Весенние ливни - Владимир Борисович Карпов
Шрифт:
Интервал:
Закладка:
Тем временем Лёдя трунила над Евгеном — оставаться незаметной было выше ее сил. Обложившись книгами, сердитый и усталый, тот сидел за столом и готовился к государственным экзаменам. Ему, конечно, было не до Лёдиных дурачеств, но сестра липла к нему, и Евген нет-нет и вынужден был отвечать на ее вопросы.
— Почему ты не женишься? — приставала Лёдя, как бы нечаянно кладя ладонь на страницу учебника.— Ну скажи! Что тебе, жалко?
— Отцепись,— просил Евген и отодвигал ее руку.
— Нет, серьезно. Неужели сердце у тебя железное?
— Спектроскопические исследования показывают, что у всех даже в сердце есть медь, алюминий, железо. В твоем — то же самое.
— Глупости! А знаешь ты, что Рая начала бегать за тобой? Теперь девчата не особенно стесняются. Вашего брата, говорят, меньше. Ты ей очень понравился, когда по-рыцарски спускал с лестницы Севку. Очень, говорит, благородно выглядел. Дора Дмитриевна и та зачастила к нам. Не заметил? Да и сам ты что-то вздыхать начал.
— Иди лучше погуляй…
Лёдя замолкала, но через минуту как ни в чем не бывало спрашивала снова:
— Женя, а почему кошки рыбу любят? Ну, скажи. Ты же все знаешь.
Терпение у Евгена лопалось.
— Плохо, если человек всем доволен. У него тогда и желание только одно — пусть будет так, как есть… А ты до неприличия довольна собой и всем. Смотри, самого Севку перещеголяешь.
Но и это не остановило Лёдю. Она взлохматила Евгену волосы и побежала переодеваться.
Первым на свидание пришел Юрий. Он надел новый костюм, и когда мать, провожая его, спросила, нравится ли ему обновка, покраснев от удовольствия, смущенно признался:
— По-моему, красиво до нахальства!
Костюм и вправду был сшит со вкусом и сидел хорошо. Юрий в нем сам себе казался красивым, ладным. Когда появилась Лёдя, он уверенно взял ее под руку и потянул к знакомому мостику на шоссе, а затем и дальше — к дорогим березкам.

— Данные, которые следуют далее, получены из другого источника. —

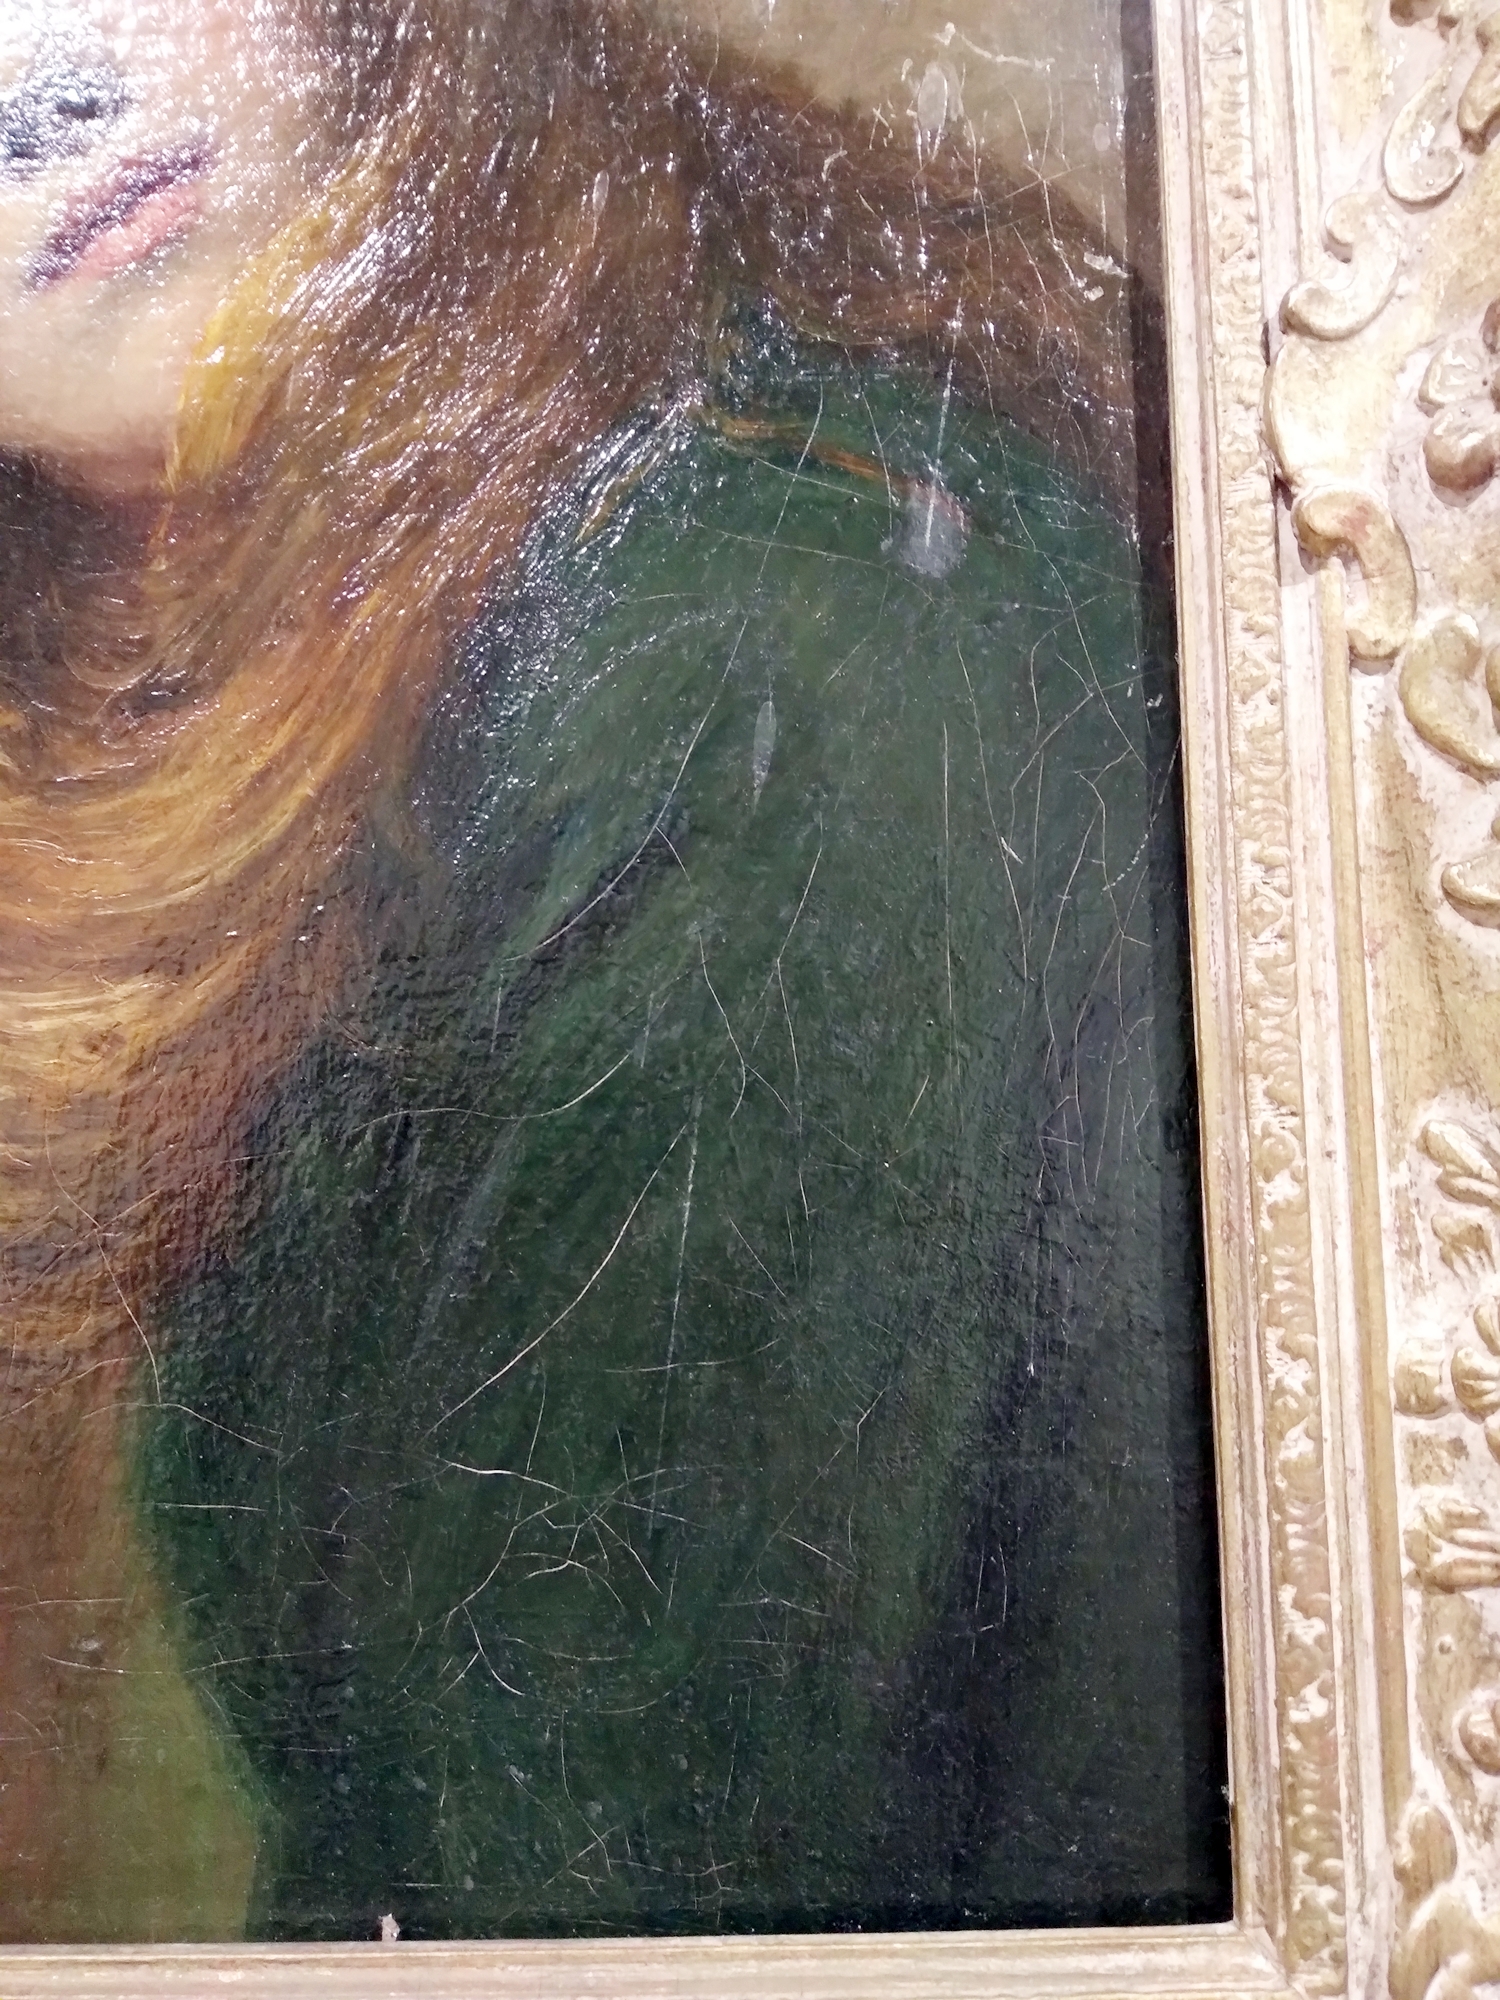 Late 19th century British School Oil on canvas Portrait of a young woman with windswept red hair - Image 5 of 24

Что привлекало их там? Скорее всего, что березки хранили их тайну, что там и Лёдя и Юрка уже были счастливы. А такие места, как известно, сами по себе имеют власть над людьми.
Шли быстро, точно куда-то спешили, и вовсе было не похоже, что они гуляют. Сердце у Юрия, казалось, росло, распирало грудь. Хотелось петь и как можно ближе чувствовать Лёдю.
Придя к знакомой березке, они прислонились к ее стволу и замерли, будто к чему-то прислушиваясь. Небо, верно, затянули тучи, над головой не мерцала ни одна звездочка. В туманных потемках нельзя было определить, где кончается земля и начинается небо. Рассеянный свет шел только от завода и городка — от всегдашней россыпи золотых, трепетных огней.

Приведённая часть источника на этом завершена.